Note: It might take a few minutes for the training to begin once the above command has been issued, be patient and you should see the training eventually start.

2. Model Prediction

Once the training is complete we can generate predictions on the test set chromosomes to understand how well the model performs on regions not seen during training.

PREDICTIONS_DIR=$BASE_DIR/predictions_and_metrics mkdir $PREDICTIONS_DIR bpnet-predict \ --model $MODEL_DIR/model_split000 \ --chrom-sizes $CHROM_SIZES \ --chroms chr7 chr13 chr17 chr19 chr21 chrX \ --test-indices-file None \ --reference-genome $REFERENCE_GENOME \ --output-dir $PREDICTIONS_DIR \ --input-data $INPUT_DATA \ --sequence-generator-name BPNet \ --input-seq-len 2114 \ --output-len 1000 \ --output-window-size 1000 \ --batch-size 64 \ --reverse-complement-average \ --threads 2 \ --generate-predicted-profile-bigWigs

This script will output test metrics and also output bigwig tracks if the --generate-predicted-profile-bigWigs is specified

It is usefull to also make predictions on all the peaks as the model predictions provide denoised version of the observed signal. bpnet-predict \ --model $MODEL_DIR/model_split000 \ --chrom-sizes $CHROM_SIZES \ --chroms chr1 chr2 chrX chr3 chr4 chr5 chr6 chr7 chr10 chr8 chr14 chr9 chr11 chr13 chr12 chr15 chr16 chr17 chrY chr18 chr19 chrM \ --test-indices-file None \ --reference-genome $REFERENCE_GENOME \ --output-dir $PREDICTIONS_DIR \ --input-data $INPUT_DATA \ --sequence-generator-name BPNet \ --input-seq-len 2114 \ --output-len 1000 \ --output-window-size 1000 \ --batch-size 64 \ --reverse-complement-average \ --threads 2 \ --generate-predicted-profile-bigWigs

3. Compute importance scores

"Understanding why a model makes a certain prediction can be as crucial as the prediction’s accuracy in many applications". SHAP (SHapley Additive exPlanations) assigns each feature an importance value for a particular prediction.
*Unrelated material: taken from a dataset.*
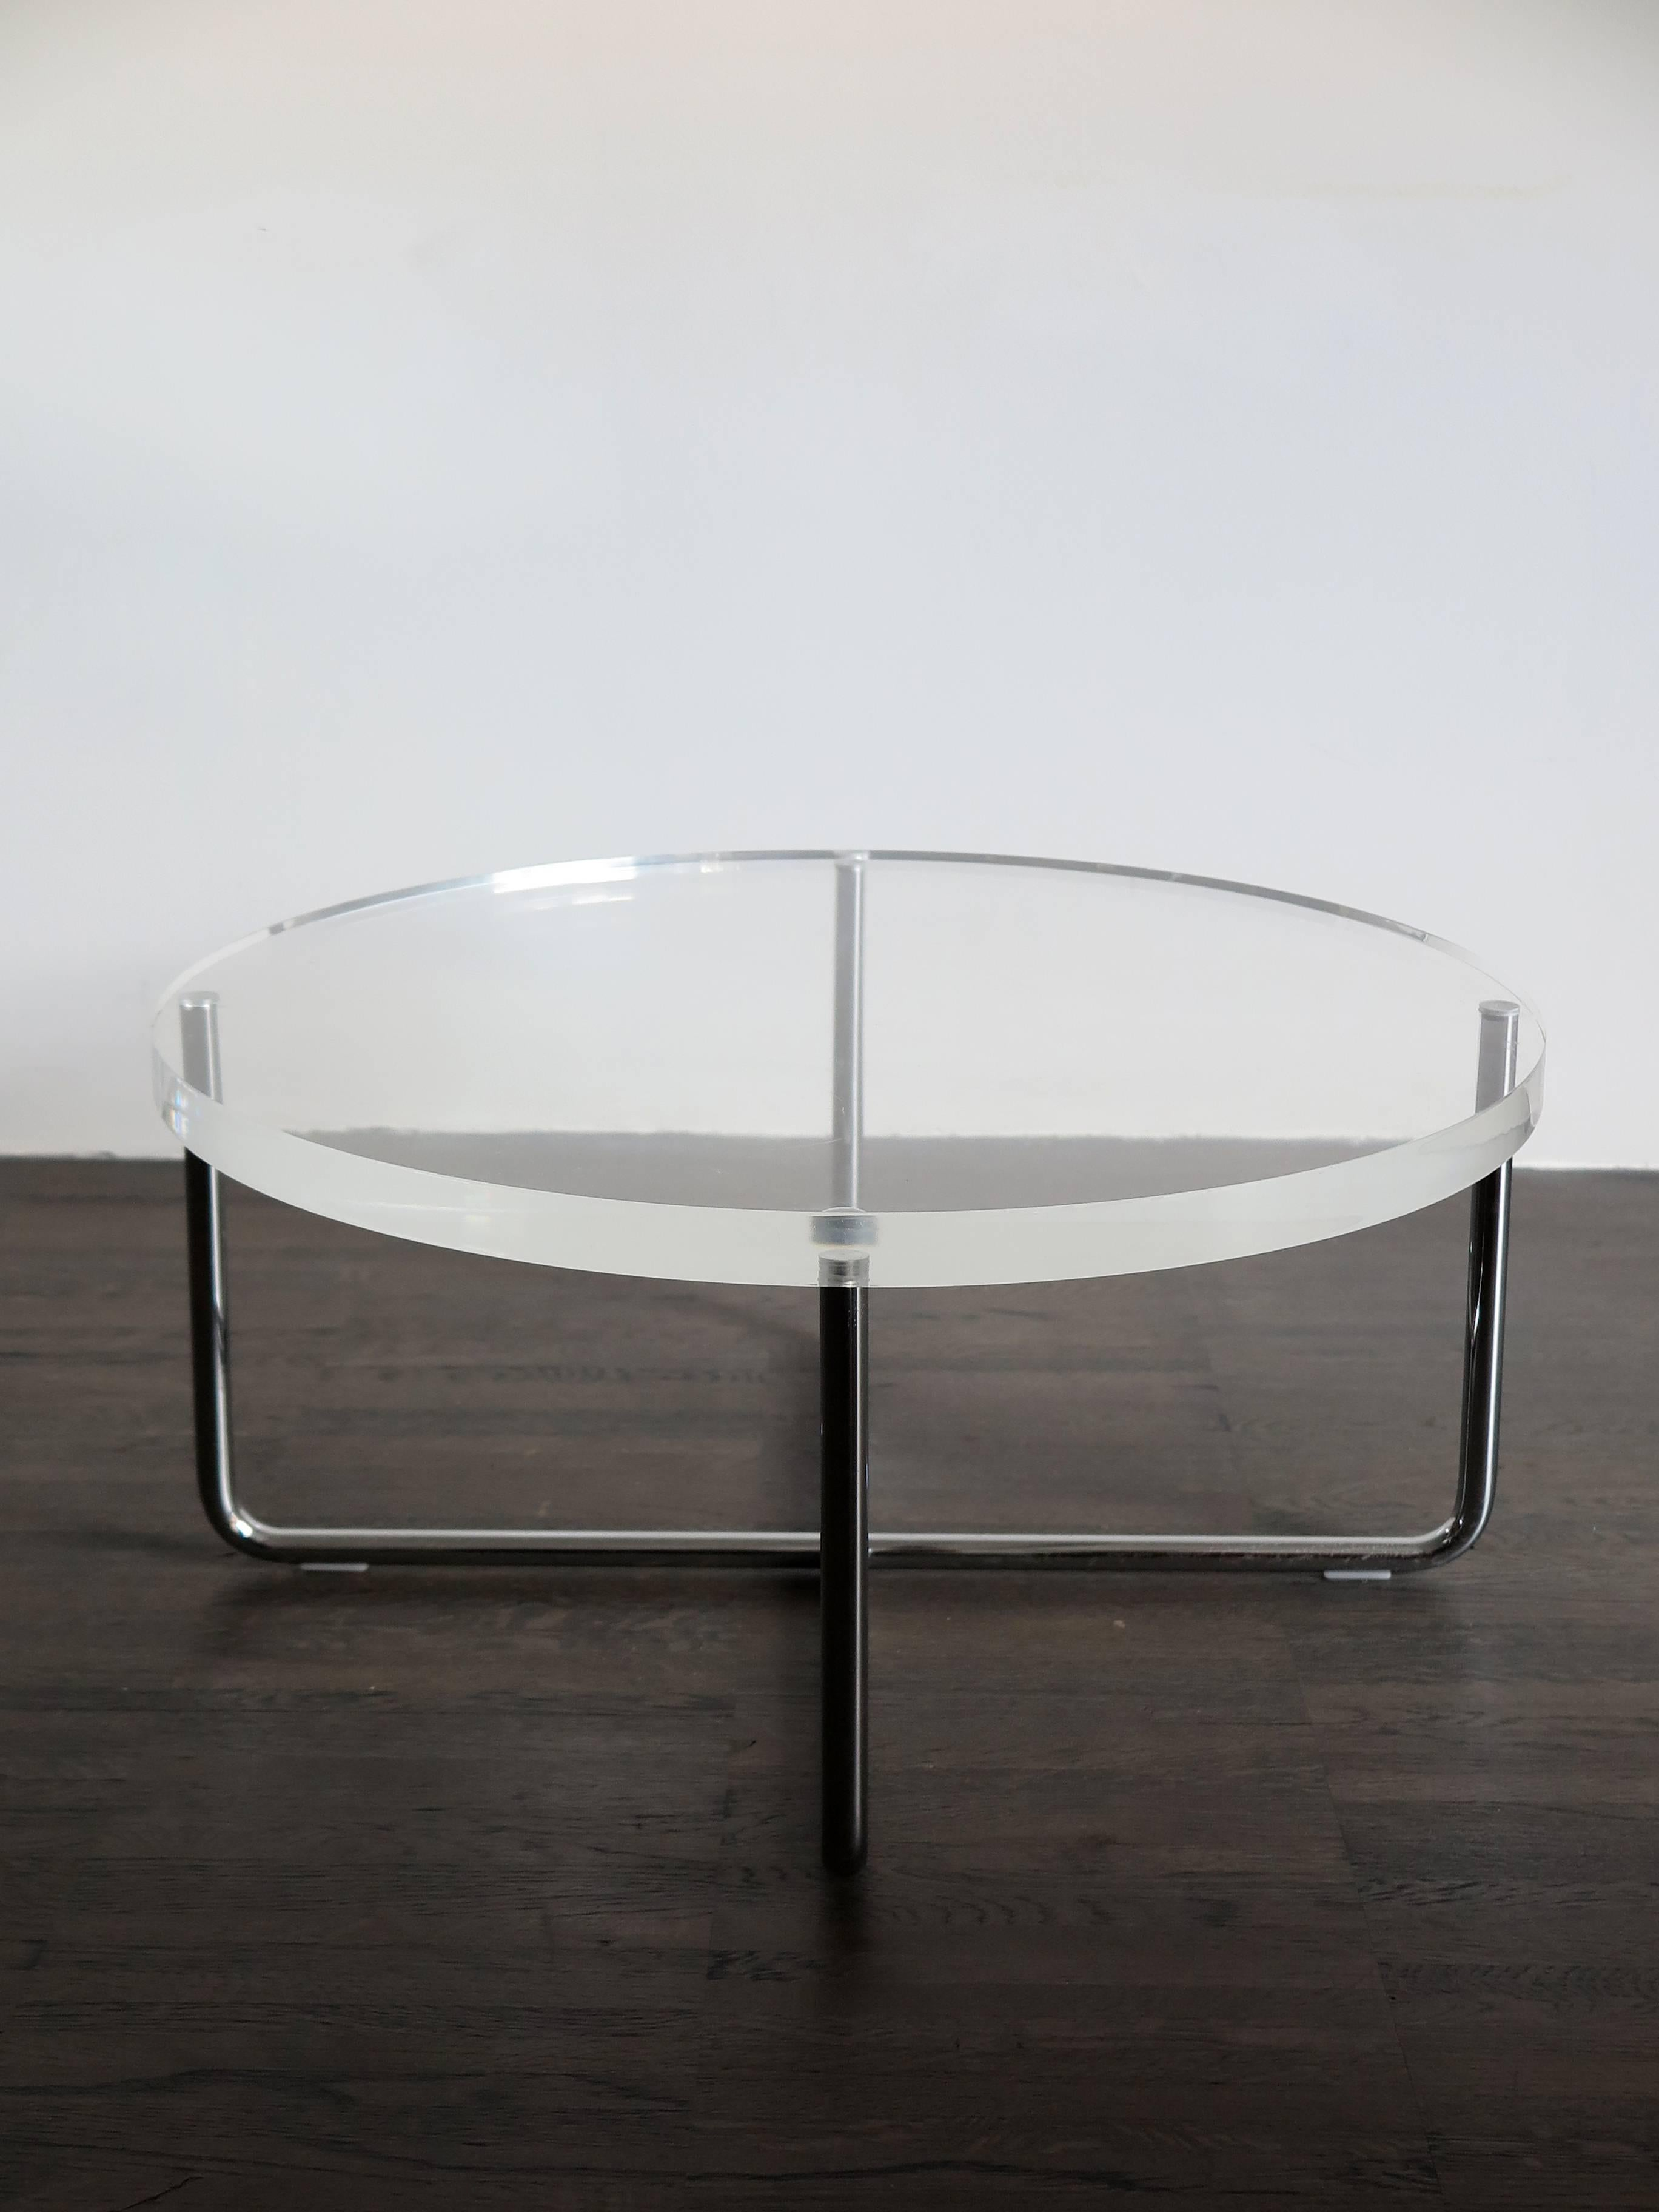 Wonderful 1990s Italian Circular Plexiglass Modern Coffee Table Produced By Minotti  For Sale At 1stdibs

In our case we will assign each nucleotide an importance value or how much it contributed for the binding at each input region according to our model. A model that can predict the binding signal well at the test regions presumably must have learnt usefull features and thus the importance score values can shed light in to the driving sequence feature including the Transcription factor binding motifs.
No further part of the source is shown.